Someone also mentioned bypassing network manager and setting up the connection in network interfaces. Anyone try that? Just curious how it worked.

----------


## Ek0nomik

Has anyone gotten this working on Intrepid?  Intrepid includes wl, but loading the wl module doesn't bring on the WiFi light.

----------


## cyberdork33

> Has anyone gotten this working on Intrepid?  Intrepid includes wl, but loading the wl module doesn't bring on the WiFi light.


works for me... see the first few posts in this thread about disabling ssb...

----------


## Ek0nomik

> works for me... see the first few posts in this thread about disabling ssb...


Edit:  Perhaps my altered state last night led to my different results.

Is there any way to keep the b44 module loaded and make use of wl?  My wired is a broadcom b44.

Edit2:  What's the easiest way to control module load order in Ubuntu?  Do I need to do a script to actually unload modules and put them in the right order, or is there a more efficient way of handling the load order from the initial startup?

----------


## cyberdork33

> Is there any way to keep the b44 module loaded and make use of wl?  My wired is a broadcom b44.


Ah darn, I hadn't thought about the wired broadcom devices... I think it is OK, just a loading order that needs adjustment.




> Edit2:  What's the easiest way to control module load order in Ubuntu?  Do I need to do a script to actually unload modules and put them in the right order, or is there a more efficient way of handling the load order from the initial startup?


It may work if you put all the modules in the blacklist (ssb, b43, b43legacy, b44, wl) then add entries in /etc/modules in the order you like (and exclude modules such as b43 that you don't want).

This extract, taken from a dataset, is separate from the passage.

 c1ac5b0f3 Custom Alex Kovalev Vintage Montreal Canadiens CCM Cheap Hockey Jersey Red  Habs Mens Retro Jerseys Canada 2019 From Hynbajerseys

If that doesn't work, Creating the script to do it is probabaly the best option until this loading order problem is resolved.

----------


## hajk

Several people here have commented on the fact that the new "wl" driver results in the "eth1" interface, where they would prefer something like "wlan0" being more descriptive. This is easily fixed by editing the /etc/udev/rules.d/z25_persistent-net.rules file and changing "eth1" to "wlan0".

----------


## cyberdork33

> Several people here have commented on the fact that the new "wl" driver results in the "eth1" interface, where they would prefer something like "wlan0" being more descriptive. This is easily fixed by editing the /etc/udev/rules.d/z25_persistent-net.rules file and changing "eth1" to "wlan0".


They may have changed that recently too. I swear that it was creating wlan0 before...

----------


## Ek0nomik

I will get back to you on the module load order...

however, I can report that I am getting eth1 instead of wlan0.  Not that it really matters, but I will give the udev rule a look later on and post my results.

----------


## MaddMatt

I just switched to this driver in Hardy from the Hardware Drivers gui. 
It seems to be handling wireless better than ndiswrapper was, however, it has *now caused 4 hard crashes of the system* (well freezes, actually). 

At first I thought it was the ndiswrapper conflict, so I removed it from modprobe, and from /etc/modules and removed ndiswrapper from /etc/init.d and etcetera. But it's still crashing, and because my system tries to connect on log in, I was forced to disable it so that I can actually log in.... 

*Has anyone else had this problem?* I don't think this helps much, but here are some syslog entries... If there is a better logfile to investigate, please let me know, as I couldn't see much different in the others.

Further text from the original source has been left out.